> _INFORMATION SHOWN_
-.-.-

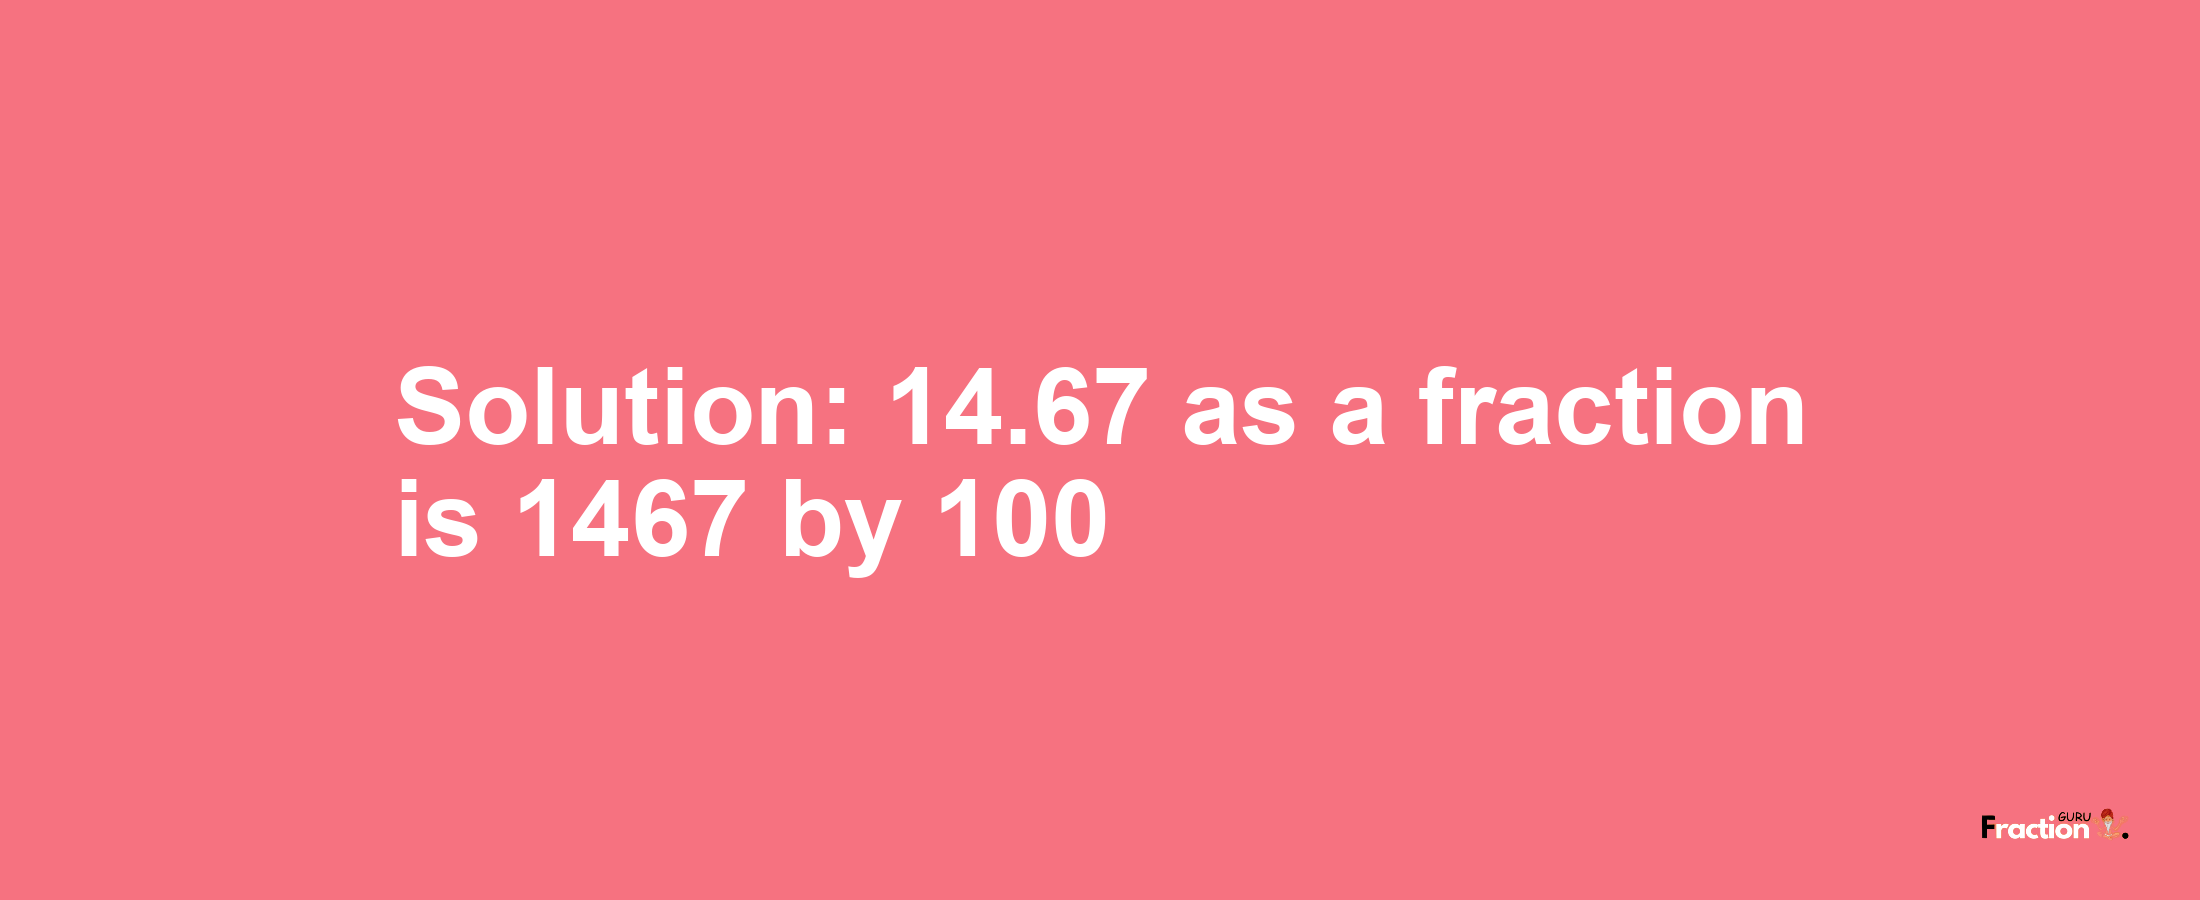 Solution:14.67 as a fraction is 1467/100
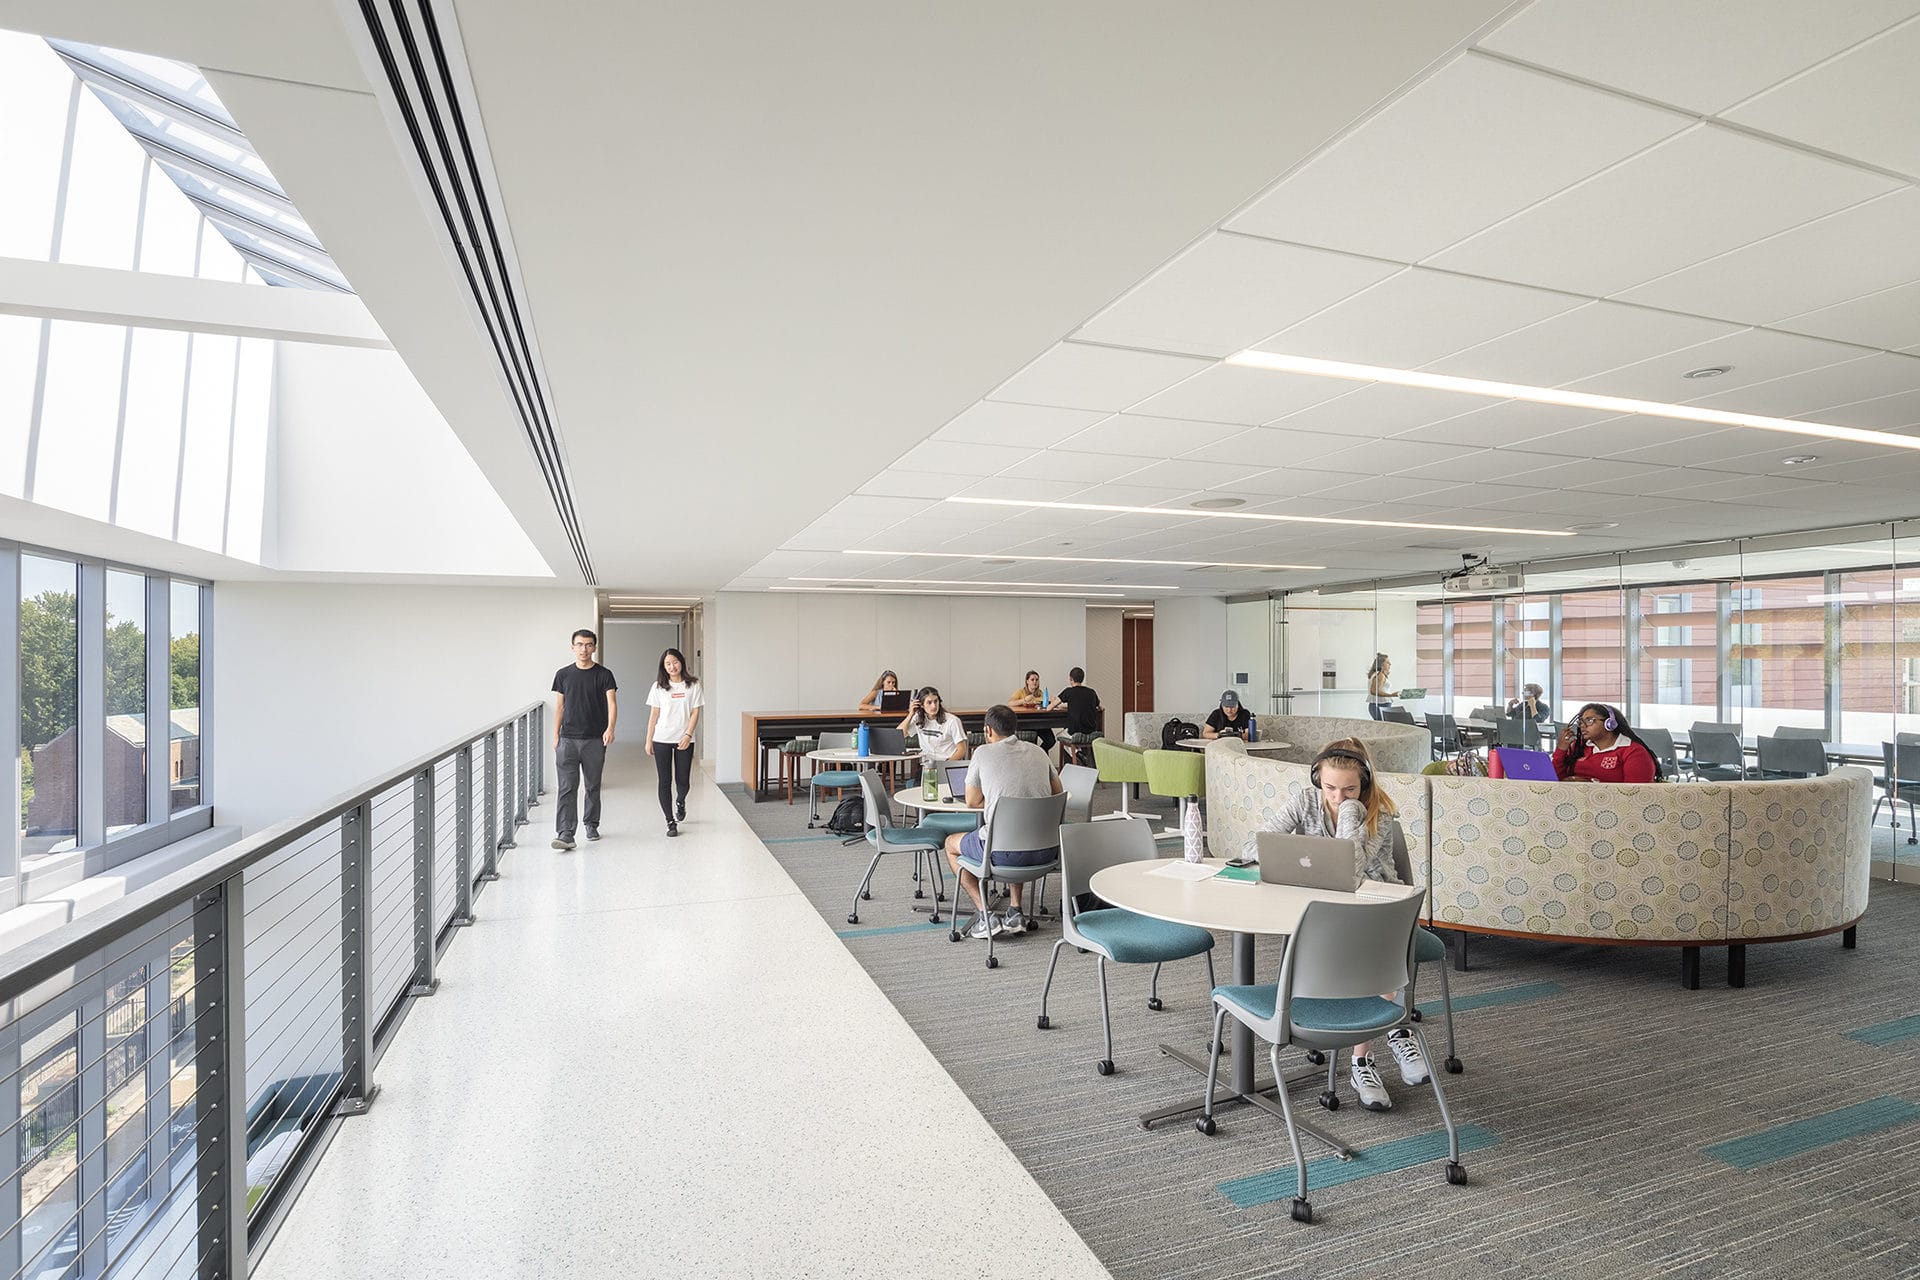 washington university bryan hall lounge designed by trivers architectural firm in st. louis
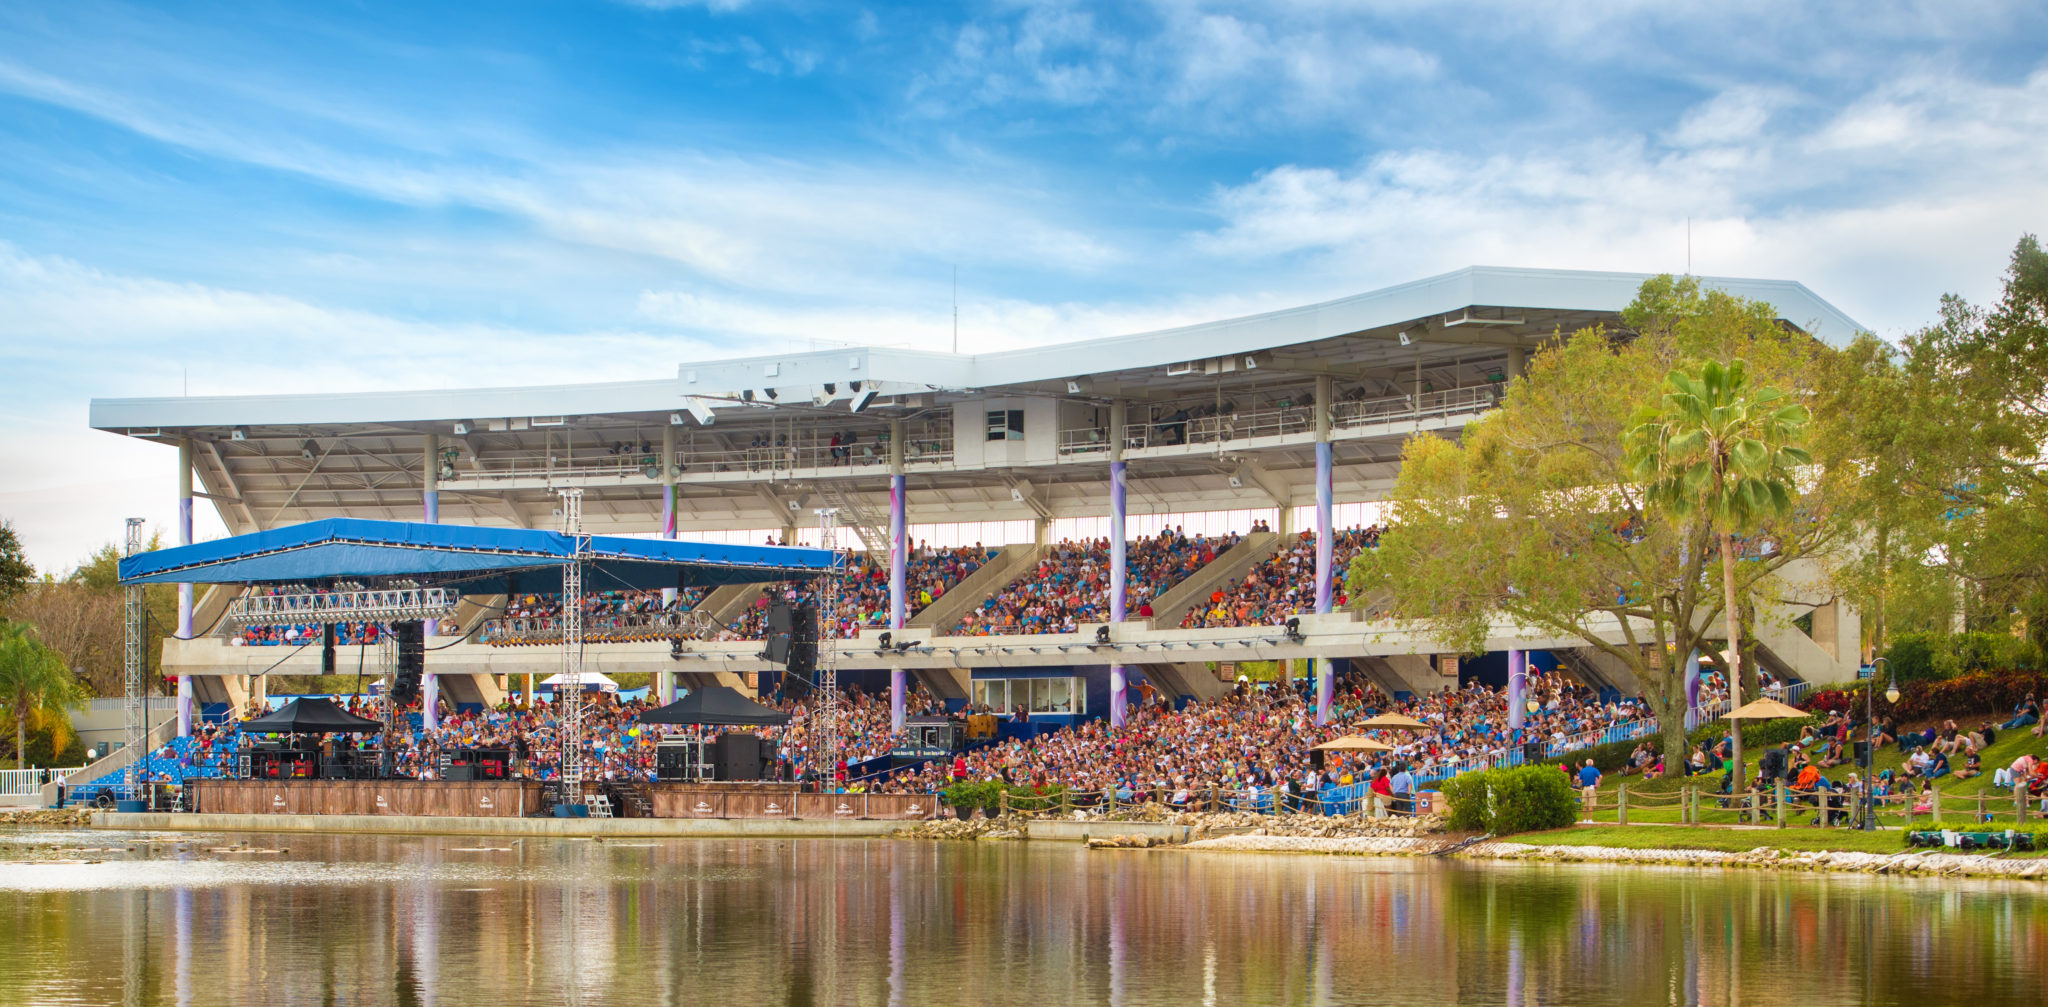 SeaWorld Has Announced Additional Musical Artists for the Seven Seas Food Festival

-.-.-

> _ABOUT THIS TASK_
Everything in the material above should be reproduced exactly, except the pictures.

> _EXERCISE RESPONSE_
 Solution:14.67 as a fraction is 1467/100
 washington university bryan hall lounge designed by trivers architectural firm in st. louis
 SeaWorld Has Announced Additional Musical Artists for the Seven Seas Food Festival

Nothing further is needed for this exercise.